The Master Harper of Pern by Anne McCaffrey. Part one

What they didn’t realize until the next morning was that she had bribed a Drum Tower apprentice to send an urgent message to her father, Halibran, saying she was being abused. Petiron admitted that he had slapped her, to stop her hysterical ranting – to which everyone in the Hall had been audience. Any Master was permitted to chastise a student for inattention or failure to learn assigned lessons.

When MasterHarper Gennell and Healer Journeywoman Betrice interviewed her about the impropriety of her actions, not to mention the content of the message, she was defiantly tearful.

“No one understands me in this place. I’m being humiliated at every turn, and I had expected so much from you!” she said. “So much, and you’re like everyone else after all!”

Betrice later told Merelan that she almost laughed out loud at such a performance.

“No one has humiliated you, young woman,” Gennell replied, as stern as Betrice had ever seen him. “You were welcomed, and the very best instructors assigned. You have been paid a high compliment by Master Petiron, who wrote a part especially to show off your voice – scarcely a humiliation, but an honour you seem unable to appreciate. You will apologize to Master Petiron for your unresponsiveness—”

“Apologize?” Halanna rose from the stool in amazement. “I am the daughter of a Holder, and I apologize to no one. He’s to apologize for slapping me, or—”

“That’s enough out of you,” Gennell said, and turned to his spouse. “She’s to be quartered in an appropriate room and given only basic rations.”

That was more easily said than done. It took Gennell, Betrice and Lorra to get her, screeching and straggling, up to the third storey of the Harper Hall to one of the spare rooms used by messengers or overflow guests. She refused to eat the food supplied at mealtimes and actually emptied the first three pitchers of water until her thirst got the better of her histrionics. Since it took nearly six days before her clandestine message brought results, she got hungry enough to devour what she was given, though she refused to apologize or promise to remedy her attitude. Such interviews usually resulted in her hurling threats and promises of just retribution at those trying to talk sense into her. Even MasterHealer Ginia had no luck in trying to talk sense into the girl.

The sentry on the Fort Hold eastern tower spotted the ten armed men racing up the harbour road and blew the alarm, which alerted both Lord Grogellan and the Harper Hall. Having been informed of the illegal drum message, Grogellan assembled a larger force from his sons, nephews and armsmen to meet the newcomers just as they turned into the Harper Hall quadrangle. Master Gennell, Betrice, Ginia, Petiron and Merelan were waiting on the broad steps, while every apprentice, journeyman and Master had found some vantage point from which to view the confrontation.

As Halibran and his troops halted their runners, he had no trouble locating his “abused’ daughter who was screeching at the top of her lungs from an upper window.
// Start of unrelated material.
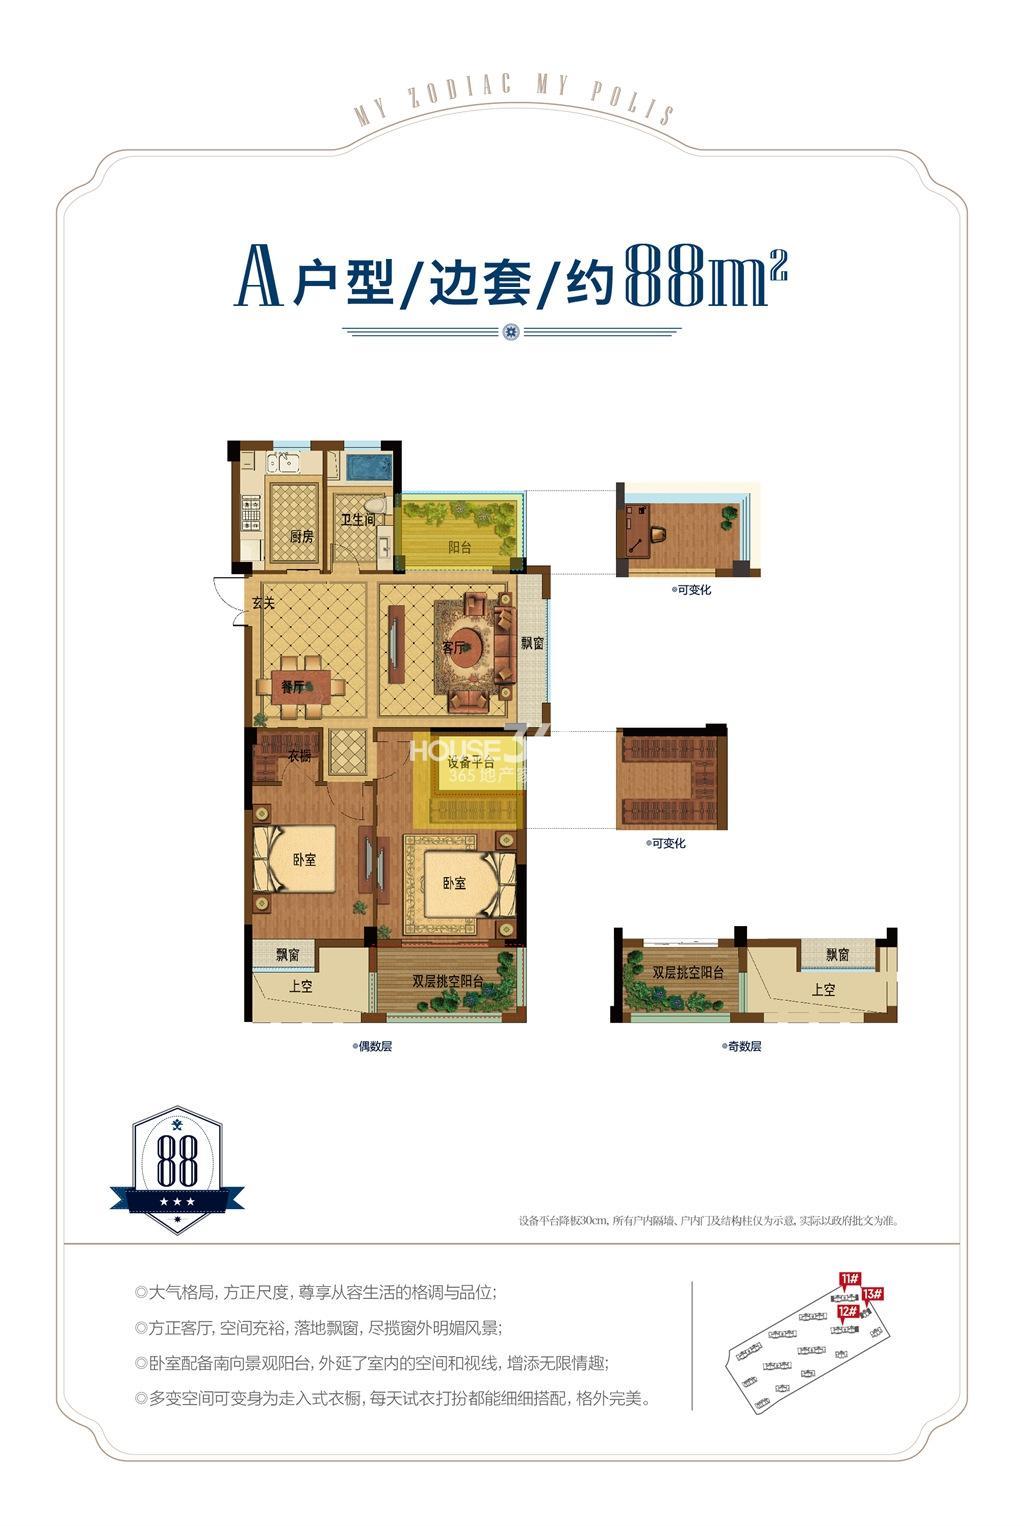 昆盛肖邦A户型边套88方(11、12、13号楼)
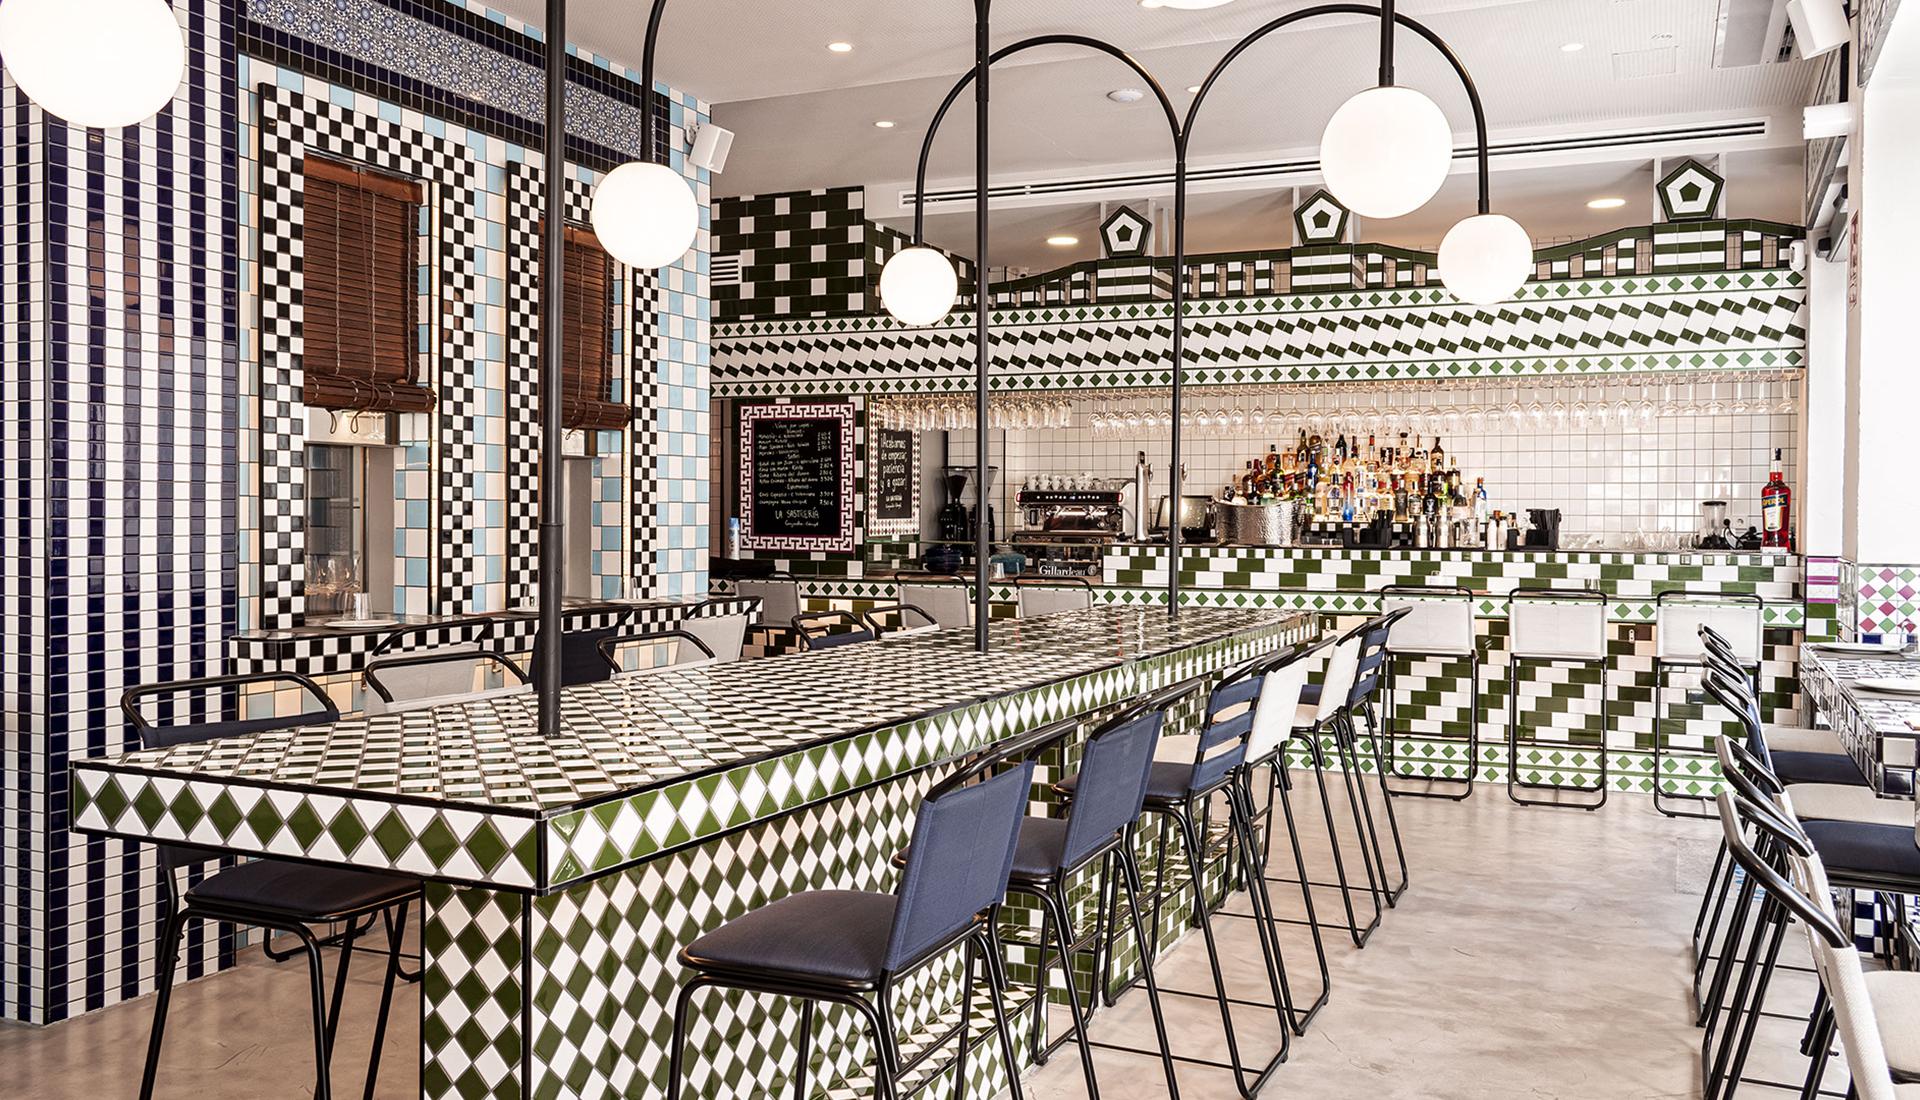 Ресторан в Валенсии по проекту Masquespacio

“She’s been at it again, Father,” one of Halibran’s riders said in disgust. “She was the one abusing, I’ve no doubt.” The resemblance to his sister was obvious, and he was not the only young blond male in the group with a similar cast of countenance.

Halibran, dismounting, waved the young man to hold his tongue. Not a major holder, though a wealthy one from the produce of his lands and the mines under them, he had none of his daughter’s arrogance as he mounted the steps and held out his hand to the MasterHarper.

“Since she is sequestered, I assume that Halanna has not seen fit to apologize. Let me do so in her stead,” he said, allowing everyone to heave sighs of relief.

Master Gennell, however, shook his head slowly. “It is her place, not yours, Holder Halibran, to make restitution for her behaviour and her refusal to accept the usual necessary disciplines of the Harper Hall. She has much to learn.”

The screeching, which the new arrivals were pointedly ignoring, took on a shriller note.

“The fault lies in me,” Halibran said with a weary sigh. “Her mother died at her birth, and with six brothers she has been much cosseted.”